[ Online Appendix ], First Draft: October 2018, This Version: August 2020
This paper studies the role of endogenous trade-credit linkages for the propagation of shocks in a multisector model where firms finance production using bank and trade credit. I build a model in which the adjustment in the volume and cost of trade credit introduces interdependent distortions and captures two counteracting mechanisms: (1) Firms smooth shocks by substituting bank and trade credit. (2) An increase in the cost of trade credit amplifies financial shocks by tightening the financing condition of customers. In a quantitative application of the model to the US economy during the 2008-2009 crisis, I simulate the model using financial shocks only and show that: (1) Trade-credit linkages generate large spillovers relative to an economy with bank finance only; (2) The smoothing mechanism was operative, though small; (3) Sectors extending relatively more trade credit to customers than their volume of bank loans are systemically important and generate large spillovers.
Work in Progress
Financial Frictions and Regional Comovement in the US.
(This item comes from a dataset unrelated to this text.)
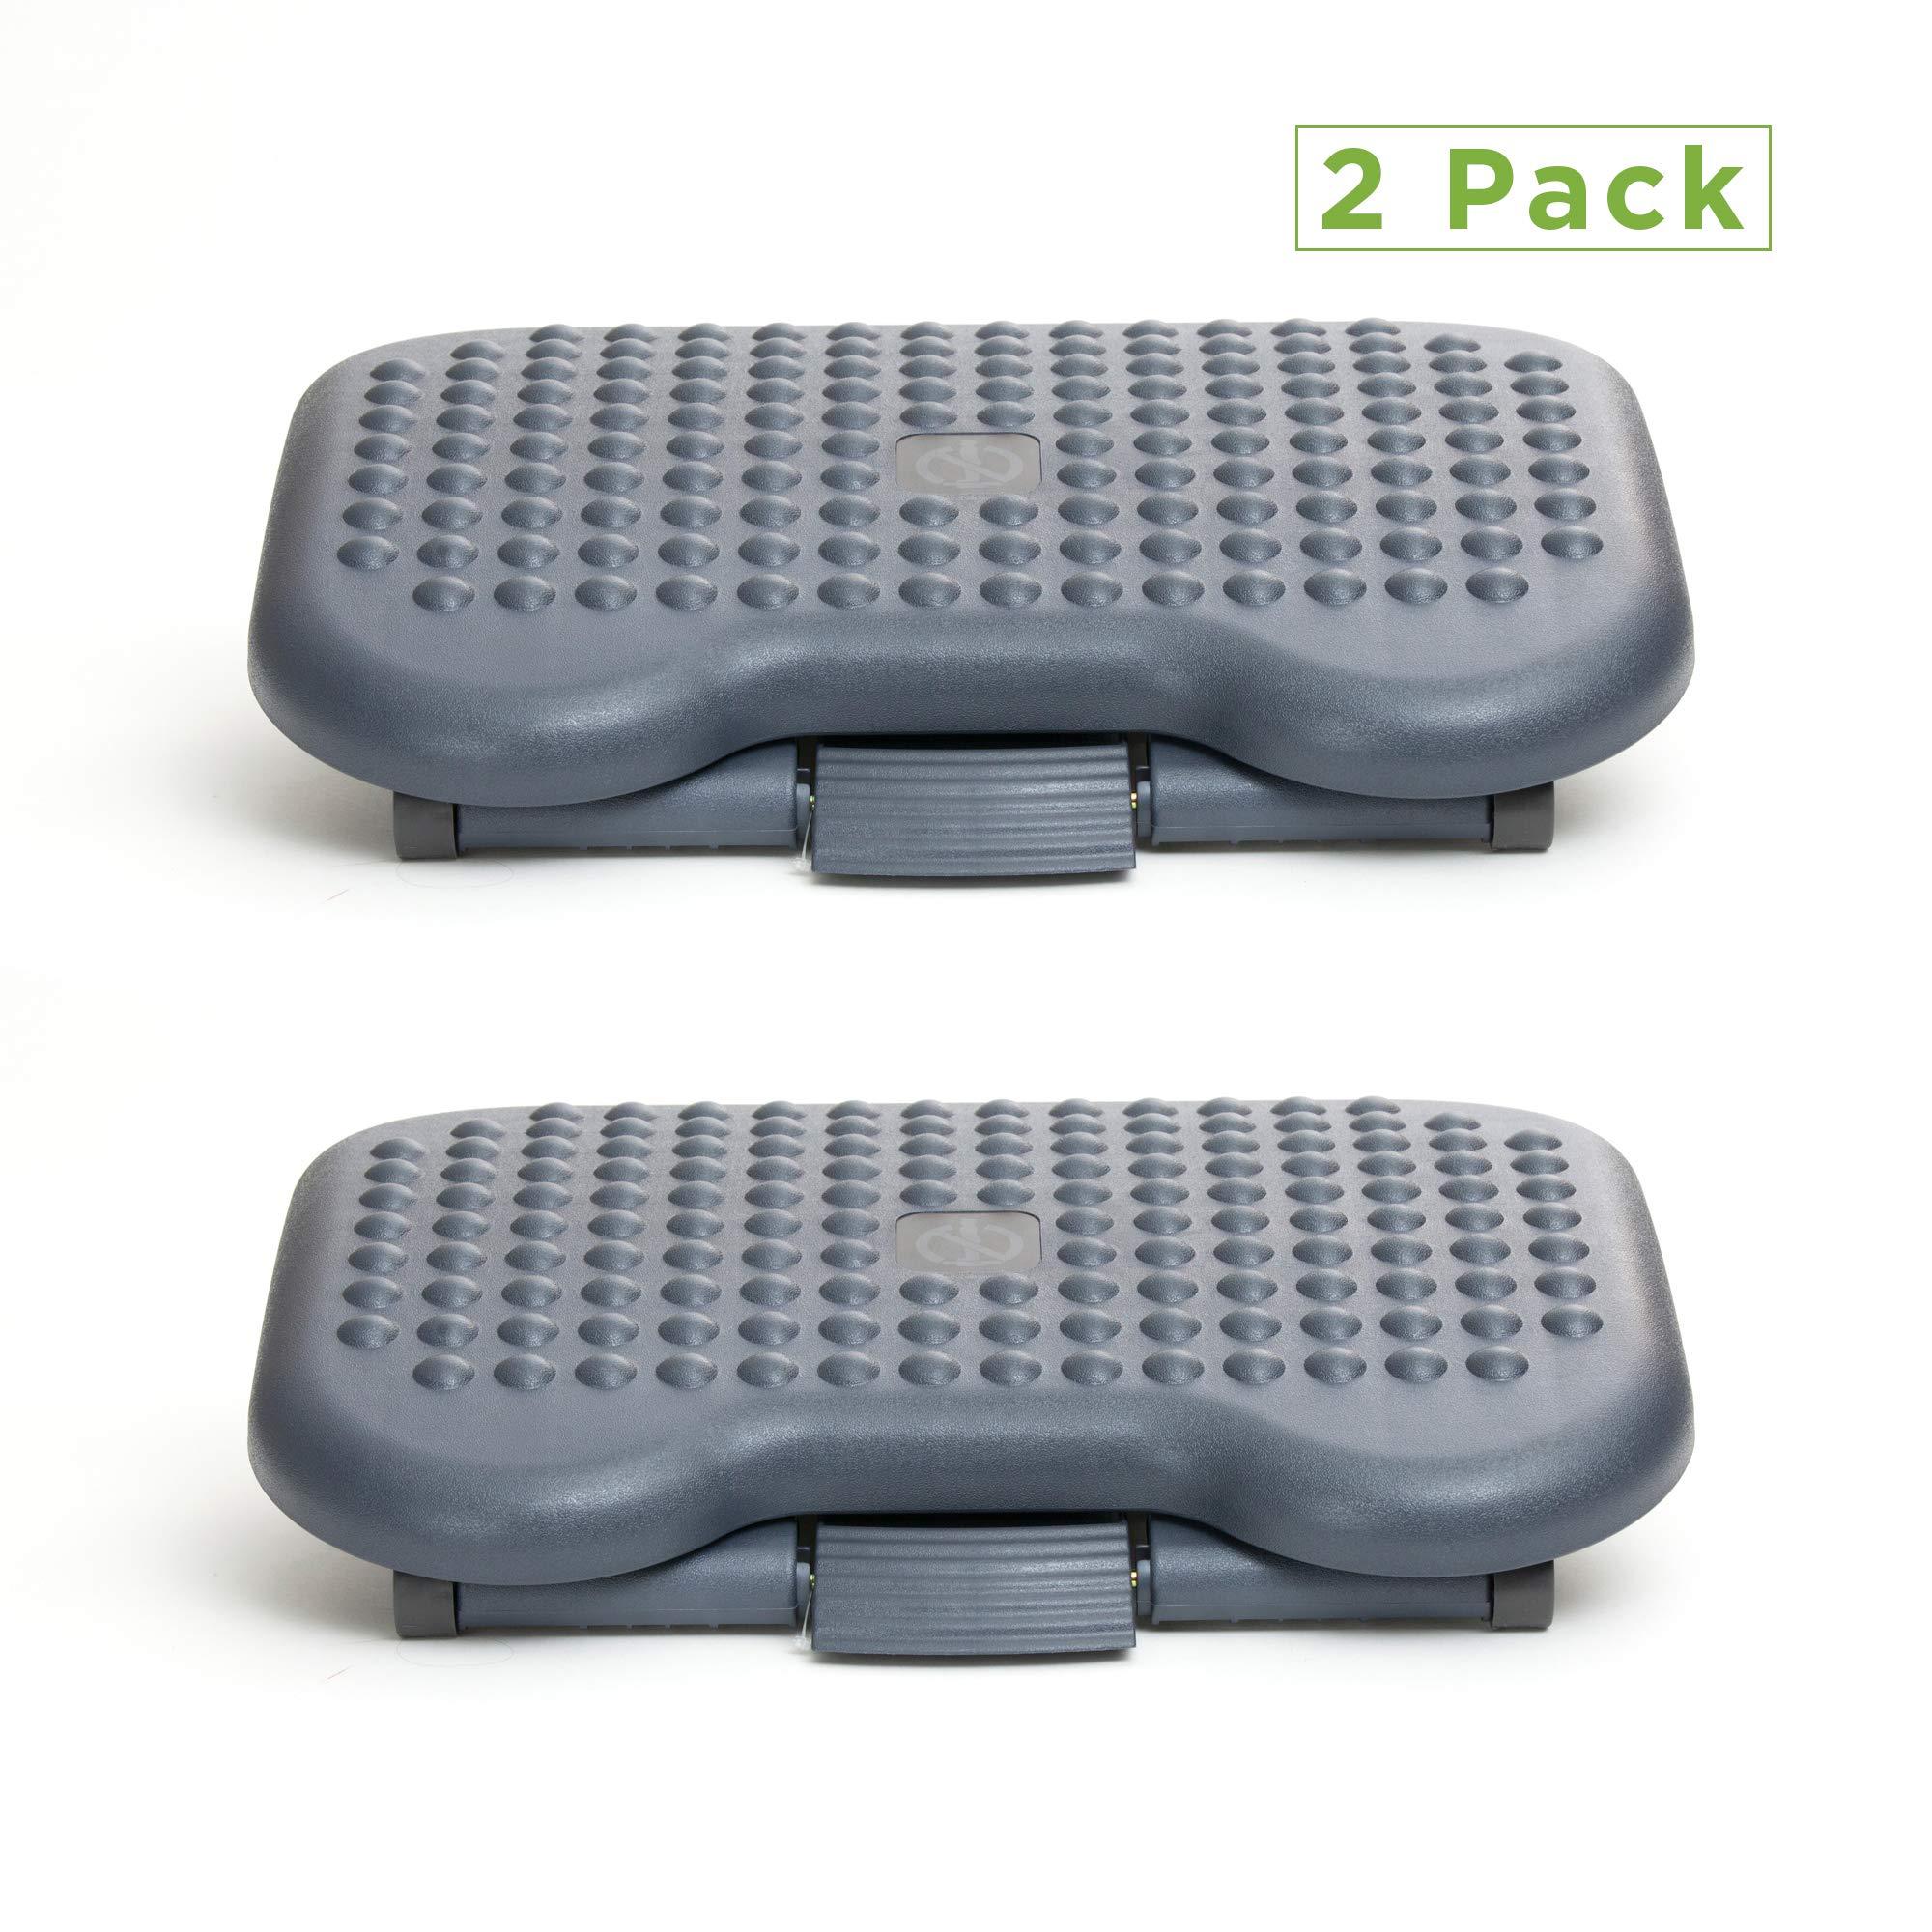 Mind Reader 2FTREST-BLK 2 Pack Adjustable Height Ergonomic Foot Rest, Black by Mind Reader

An extensive literature has documented the evolution of comovement of economic activity across countries over time. The importance of bilateral trade as a driver of business cycle synchronization has been highlighted repeatedly. However, the failure of quantitative models to capture the comovement observed in trade data has been dubbed the “trade-comovement puzzle”. Against the back-drop of the quantitative importance of trade credit – the BIS estimates that two thirds of world trade is supported by inter-firm credit – I investigate the ability of an international multisector general equilibrium model with both trade and financial linkages within and across regions to generate comovement patterns and magnitudes as observed in the data.
Networked Forecasts: Theory and Evidence (with Vasco Carvalho)
In this paper, we show that information on the structure of the production network of an economy can help to: (a) produce better forecasts of both sector-level and aggregate growth rates and, (b) quantify the influence of particular sectors on both disaggregate and aggregate forecasts. In the first part of this paper, we offer three theoretical contributions: We show that (1) a small number of key sectors drive the long-run forecasts of all production activities in the economy and (2) the short-run dynamics and persistence of disaggregate forecasts depend on a property of the network of links across production units. (3) We study how knowledge of the underlying network can lead to efficiency gains in aggregate forecasting. In the second part, we compare the aggregate predictive ability of multisector growth models to a set of econometric models and quantify the influence of particular sectors on both disaggregate and aggregate forecasts based on the theoretical results derived in this paper.